State of the JFK Releases 2026
The year 2025 finally saw the full declassification of the bulk of the records collected in the 1990s under the JFK Records Collection Act. In addition, there were major releases of government files on the assassinations of Robert Kennedy and Dr. Martin Luther King, Jr.
The vast majority of JFK records were not "new" - they were re-releases of formerly redacted documents, this time with all the remaining redactions lifted (with some exceptions). There were a handful of brand-new JFK releases as well.
In the case of the RFK and MLK records, the releases consisted of some newly seen documents, accompanied by coherent all-in-one-place batches of records already made public.
This page describes the 2025 releases without undue explanation of background - how we got here. For more information, see the JFK Act Releases page and last year's edition of the "State of the JFK Releases" series, as well as earlier editions (2023, 2022, 2021).
Other relevant resources include the 1998 Final Report of the Assassination Records Review Board, and the 1992 JFK Records Act itself. The National Archives also maintains various pages on the JFK Records Collection housed there.
The 2025 JFK Records Releases
Records Concerning the Assassinations of
President John F. Kennedy, Senator Robert
F. Kennedy, and the Reverend Dr. Martin
Luther King. Jr.
The incoming Trump administration swiftly moved to declassify records on the JFK and other assassinations, issuing Executive Order 14176 on January 23, 2025. The first batch of electronic records were posted on March 18. That was the first of 5 JFK records batches between March 18 and April 3 of 2025; an additional set of documents was released on January 30, 2026. All told, some 2709 documents were posted, consisting of nearly 100,000 pages.
The Mary Ferrell Foundation has downloaded all of these records and incorporated them into our searchable document archive, which now features more than 2 million pages of such records.
The 2700+ JFK records released in 2025 come from 15 different government agencies. Over half of them are CIA records. A few hundred more each come from the FBI, the NSA, and the House Select Committee on Assassinations. There are several dozen each from the Church Committee, JFK Library, and Army INSCOM. Other agencies with a handful of documents each include the State Dept., House Intelligence Committee, LBJ Library, Rockefeller Commission, Joint Chiefs of Staff, and the President's Foreign Intelligence Advisory Board.
The Jan 2026 release was mostly FBI records, with a small number from a variety of other agencies too.
There were other document releases from the federal government in 2025, beyond those posted by the National Archives above. These include a few hundred FBI documents from the FBI's Central Records Complex, released on June 27. Also, the dogged efforts of journalist and MFF Vice-President Jefferson Morley resulted in release of additional documents on George Joannides, the CIA propaganda officer who oversaw the Cuban exile group known as DRE in 1963 during its interactions with Lee Harvey Oswald. Joannides was later put forth by CIA to be its documents liaison with the House Select Committee on Assassinations (which was not informed of his former role). Other documents related to Joannides remain classified or missing.

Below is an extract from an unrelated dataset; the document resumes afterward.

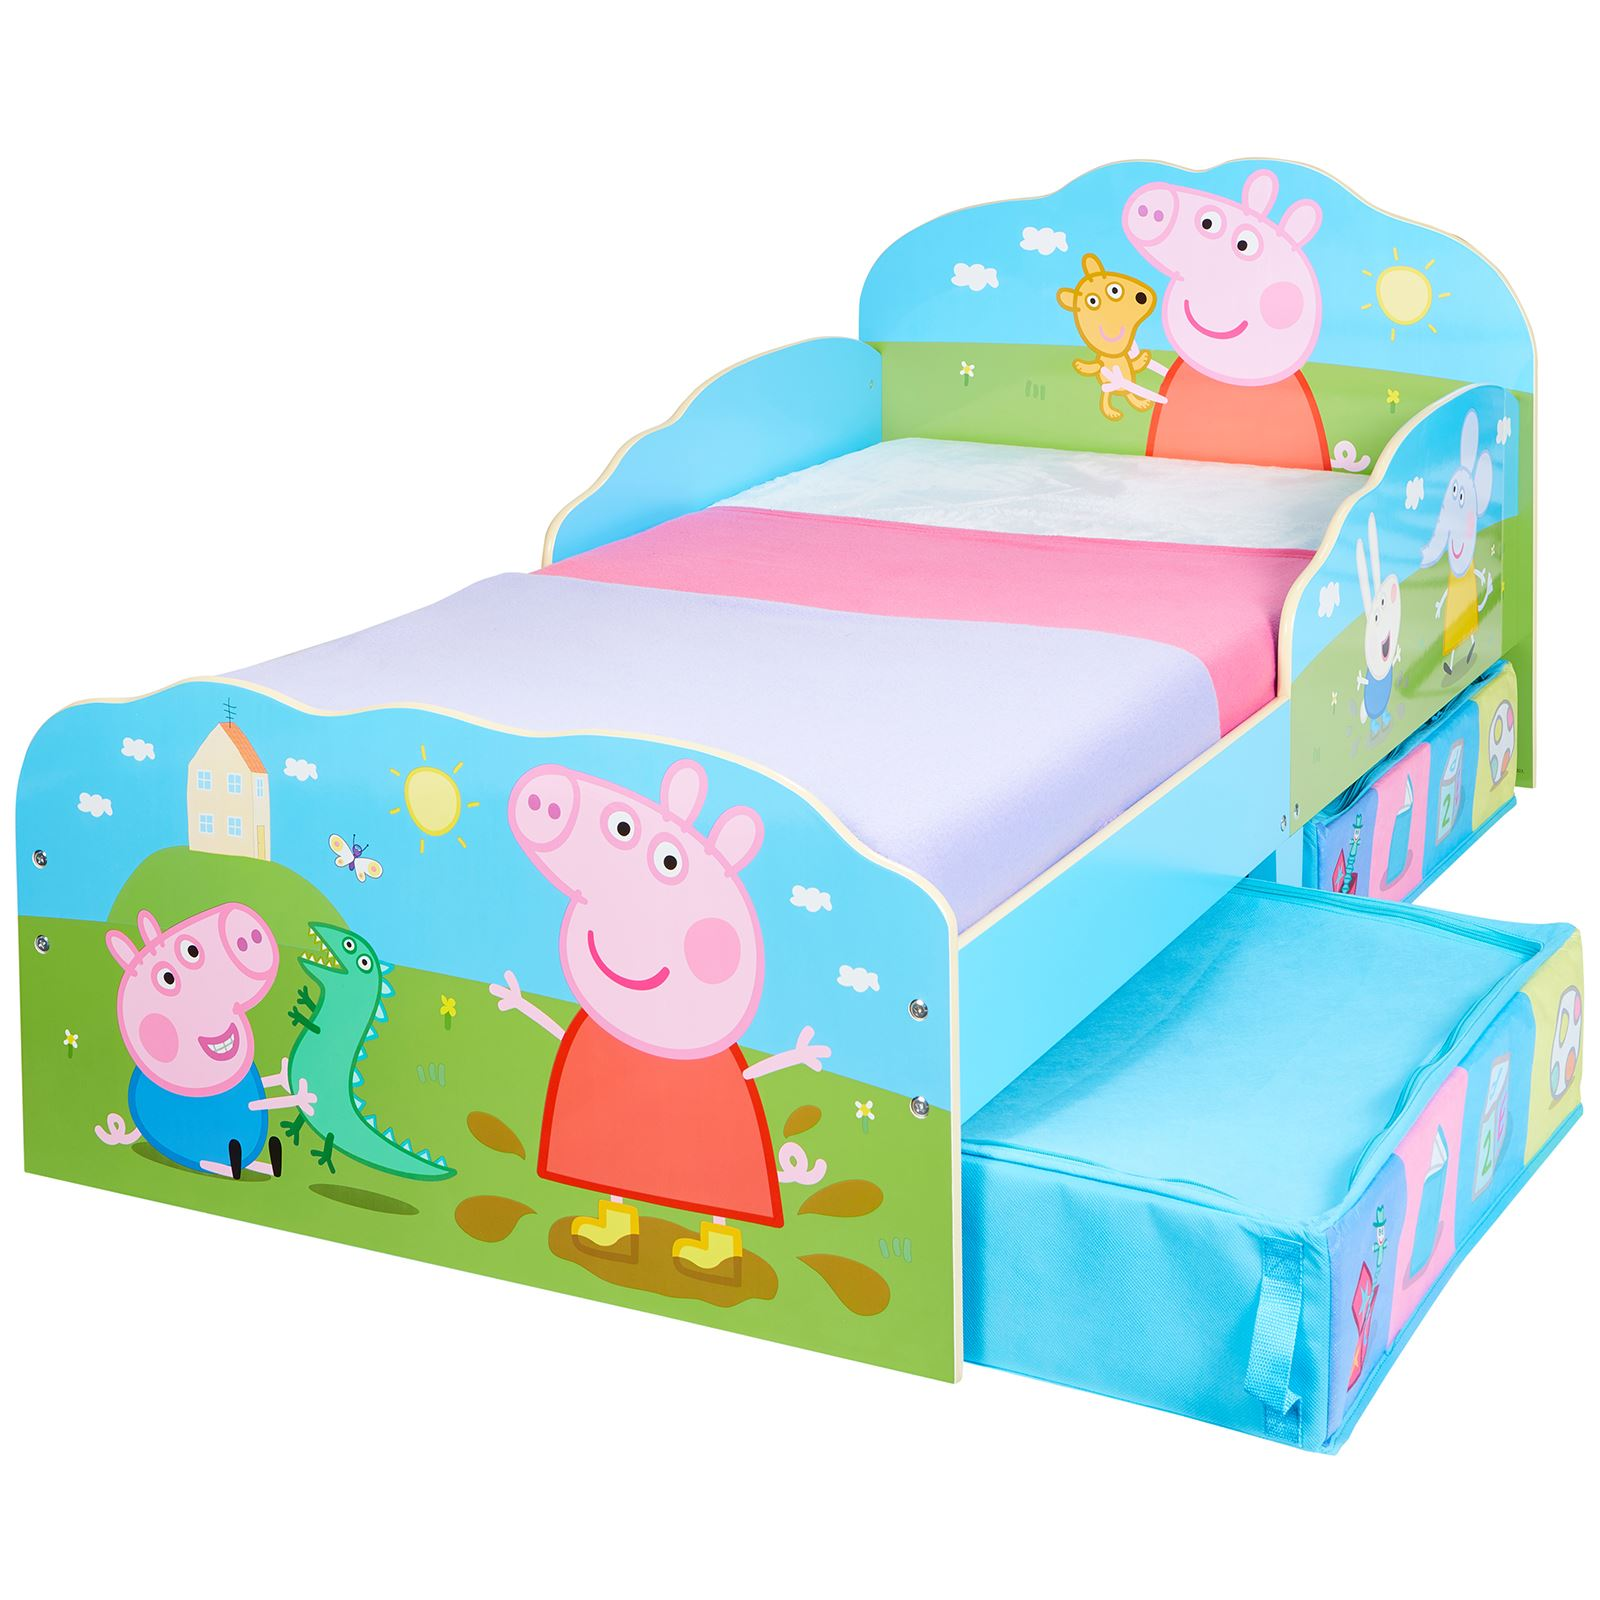 Peppa Pig Lettino Con Cassettone Materasso Opzioni Bambini Carattere Camera Da Letto Ebay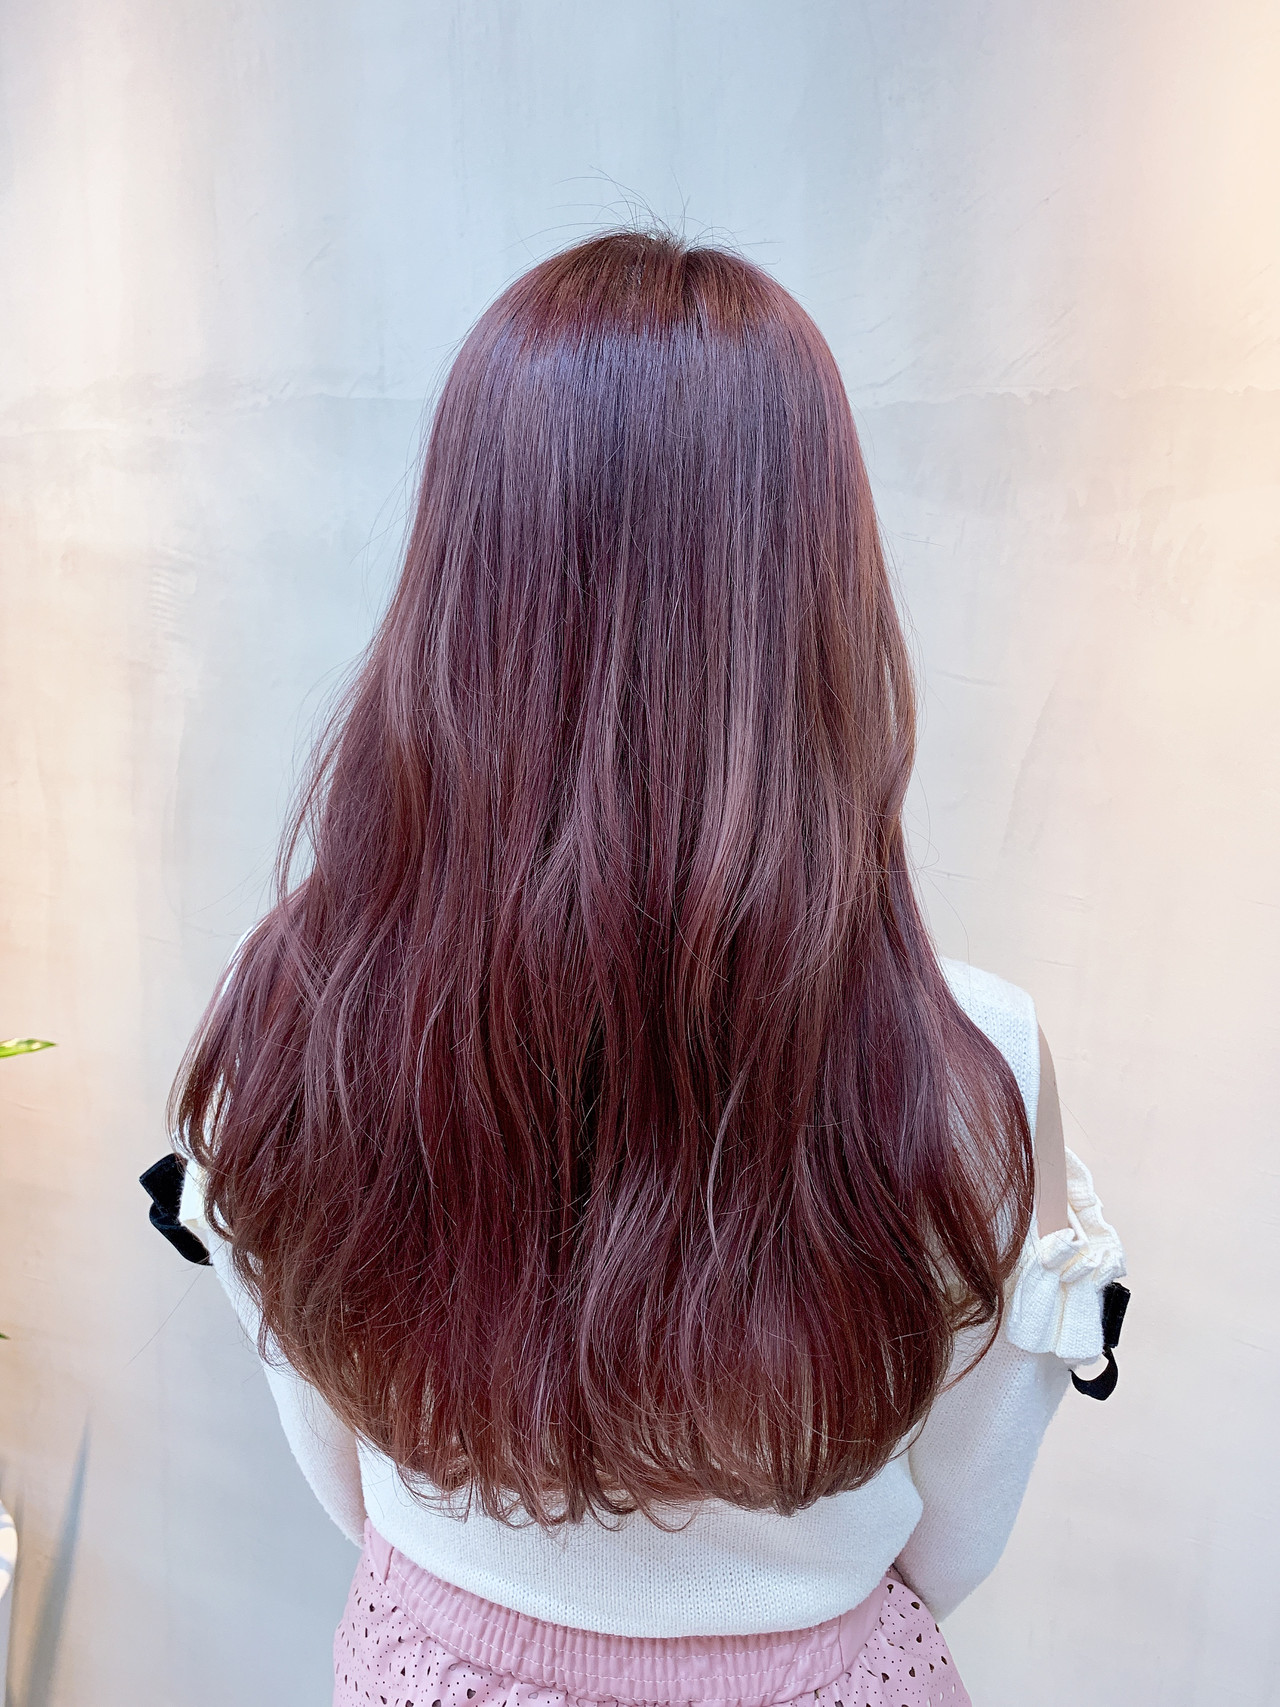 ピンクベージュ 外国人風カラー チェリーピンク ロング ヘアスタイルや髪型の写真・画像

What's in the 2025 JFK Releases?
What's in these new records? As stated, the vast majority of them were previously released with redactions, and these new copies are mostly "clean," although some still feature redactions, apparently in contradiction of Executive Order 14176.
In many cases, what was revealed was an agent name, an operation name, or often the identity of a foreign government or foreign government agency (these are often "open secrets" when the identity is Britain or Mexico). In other cases, more substantial unredactions of entire paragraphs or even pages occurred. For the most part, the newly-revealed text fills in some details of stories already known to those following this case. None is a "smoking gun" - we are at a point where the government's information directly related to Kennedy's assassination, as encoded in government files, may be largely known.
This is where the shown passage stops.